_Listed entries:_
---*---

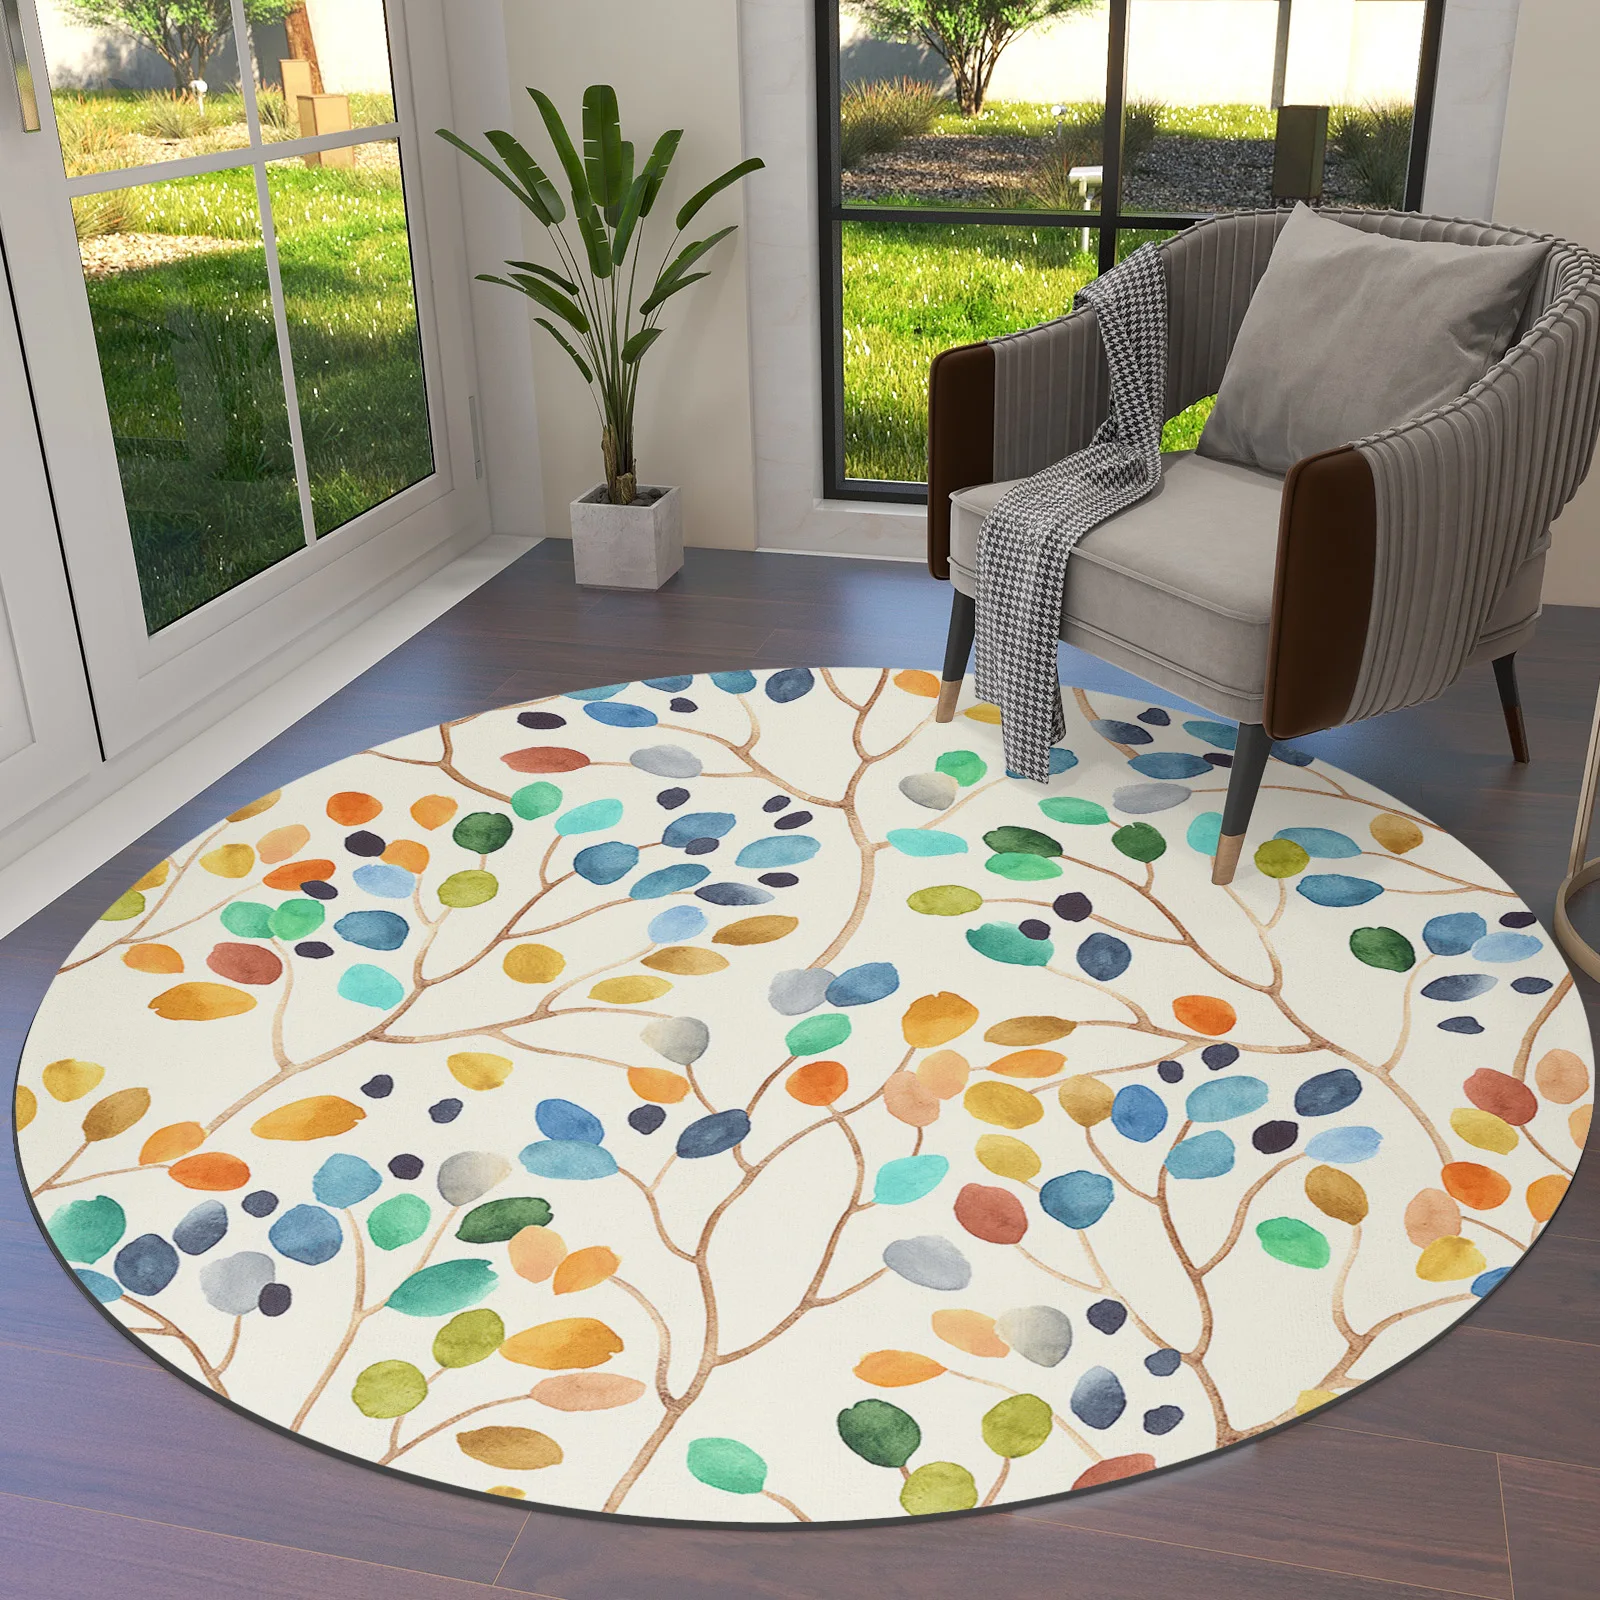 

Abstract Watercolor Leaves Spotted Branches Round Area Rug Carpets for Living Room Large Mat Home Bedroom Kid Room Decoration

---*---

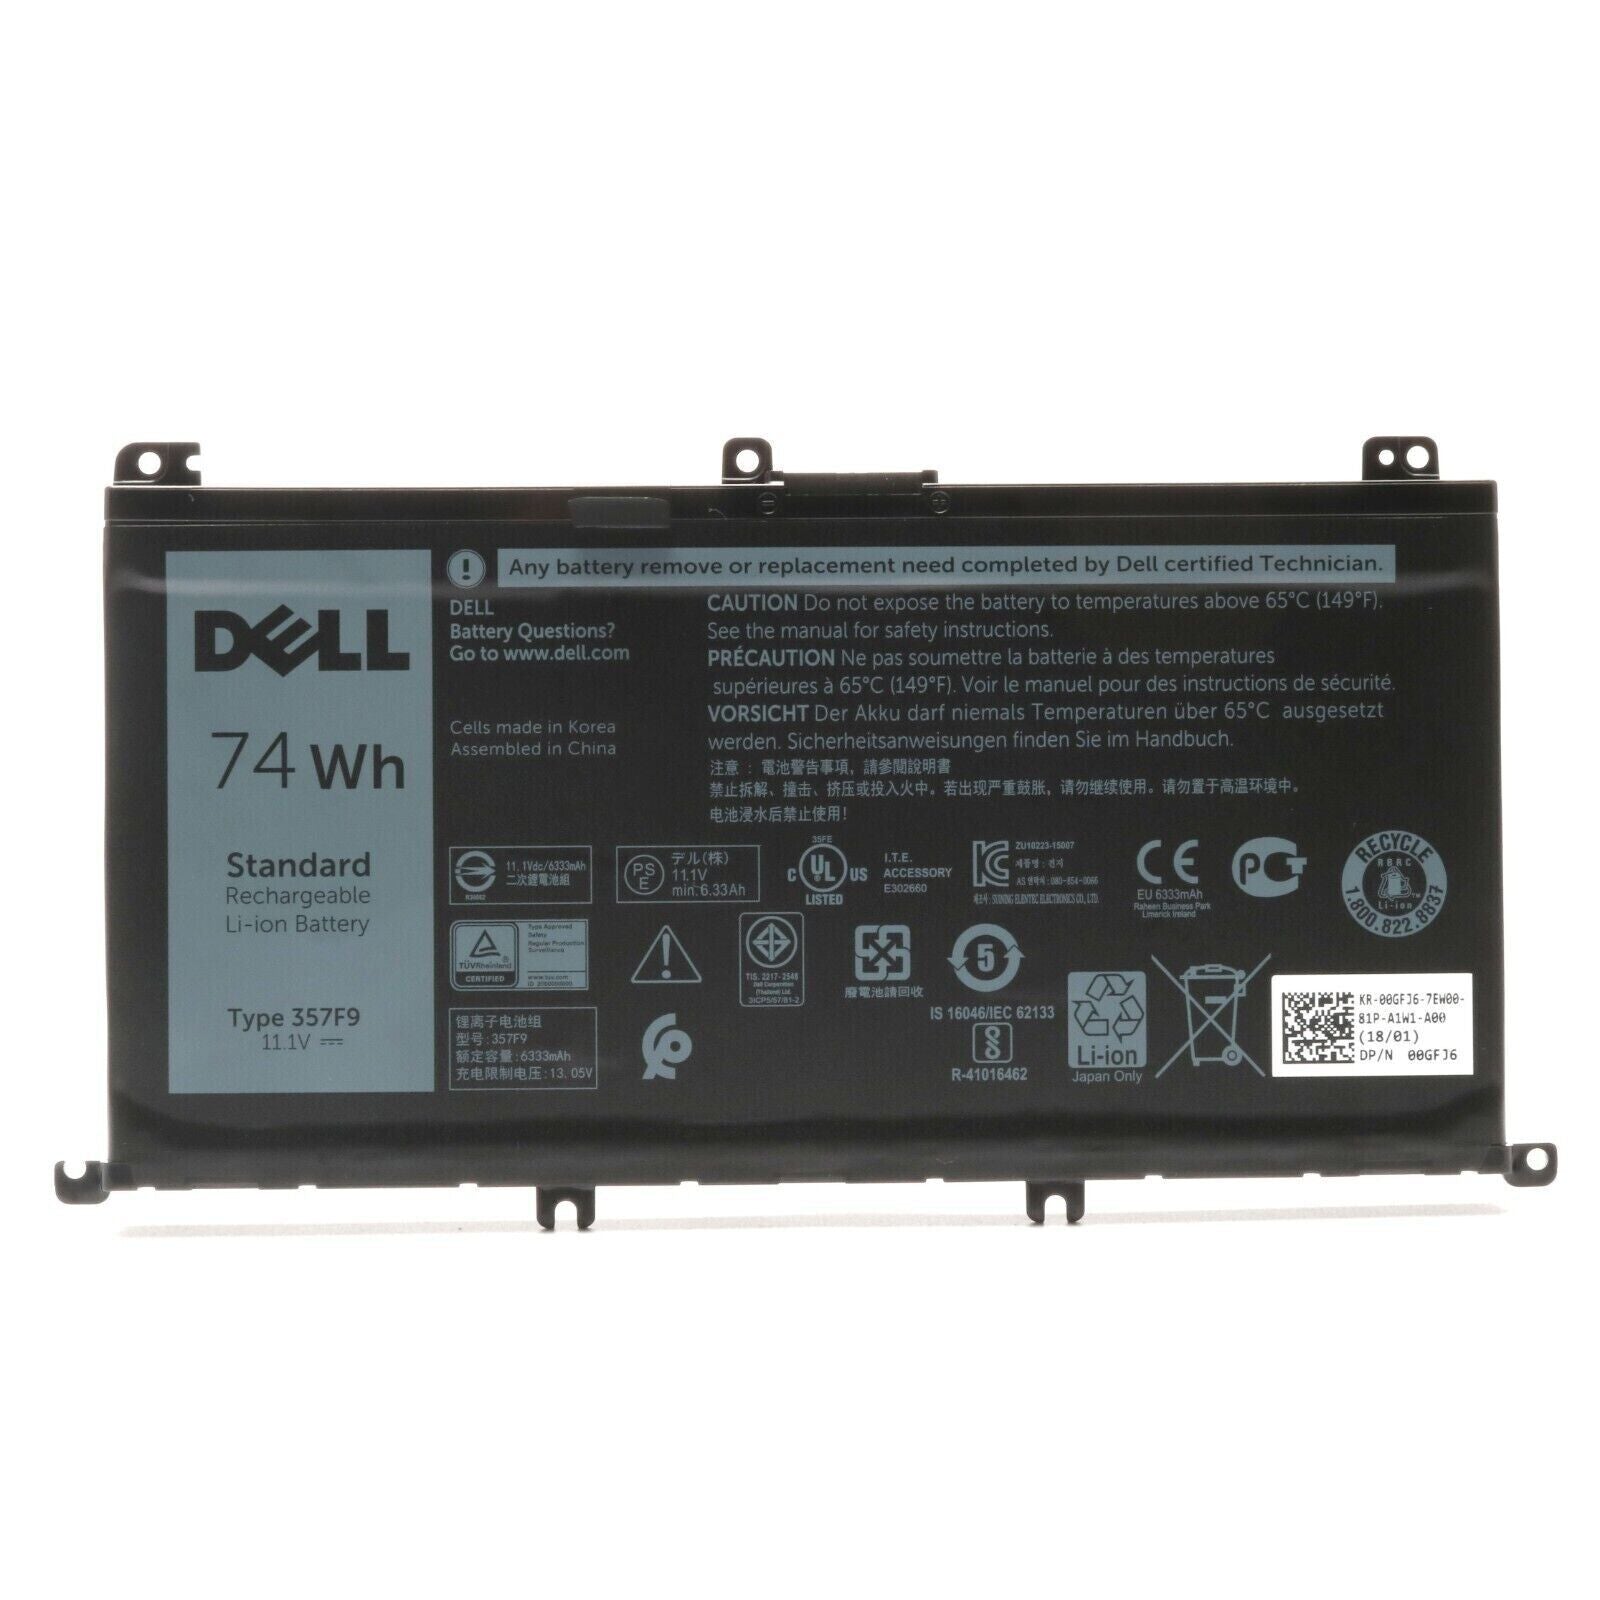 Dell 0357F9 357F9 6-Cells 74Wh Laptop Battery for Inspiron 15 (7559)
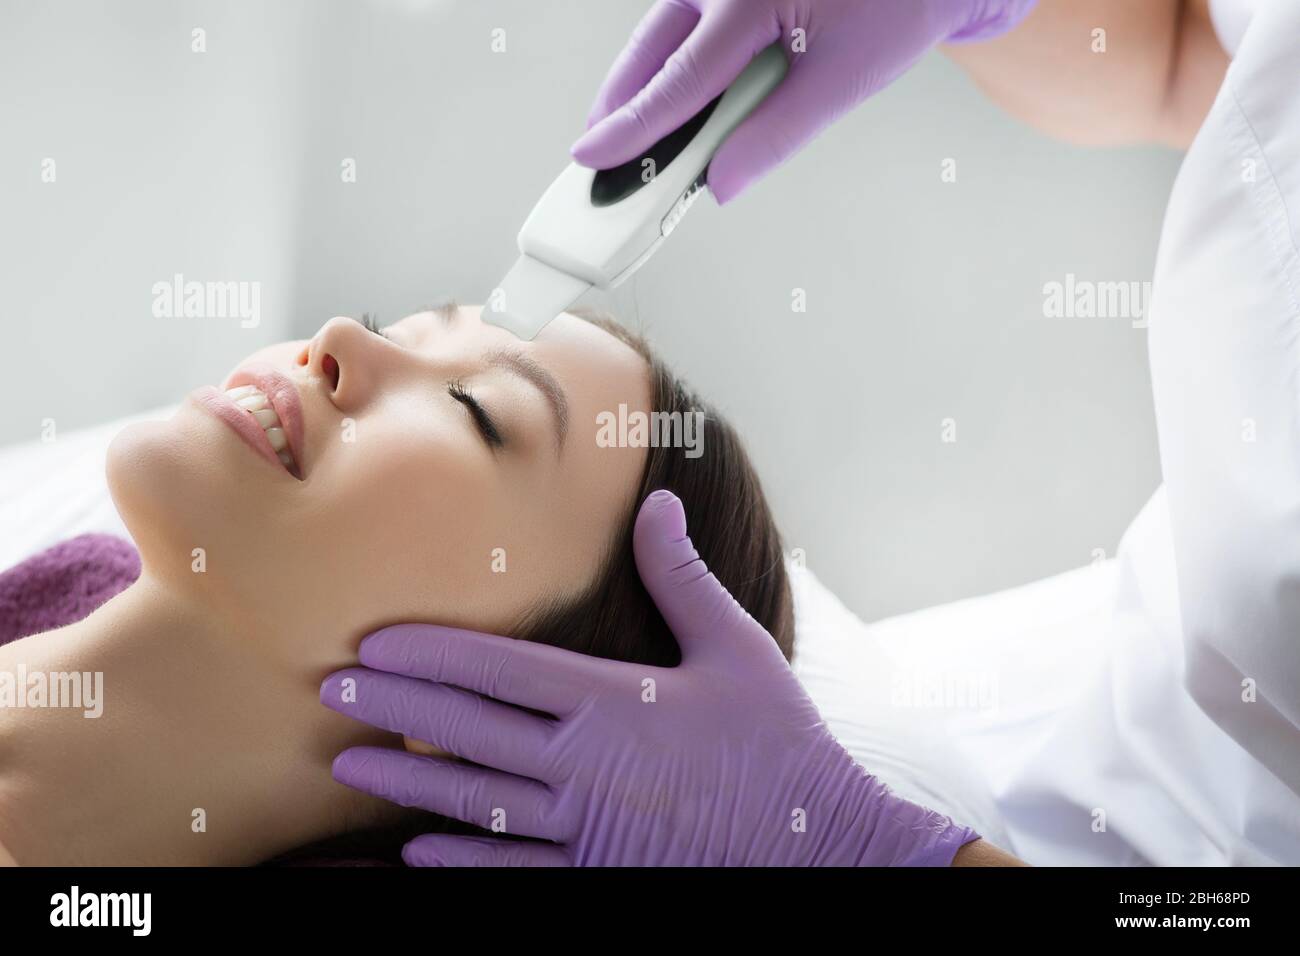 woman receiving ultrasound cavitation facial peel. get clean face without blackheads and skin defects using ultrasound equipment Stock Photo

---*---

_Work item:_ Without the pictures, set down the lines above from the line with "Dell 0357F9 357F9" up to and including the line with "woman receiving ultrasound" exactly as they stand.

_Solution to the problem:_
 Dell 0357F9 357F9 6-Cells 74Wh Laptop Battery for Inspiron 15 (7559)
 woman receiving ultrasound cavitation facial peel. get clean face without blackheads and skin defects using ultrasound equipment Stock Photo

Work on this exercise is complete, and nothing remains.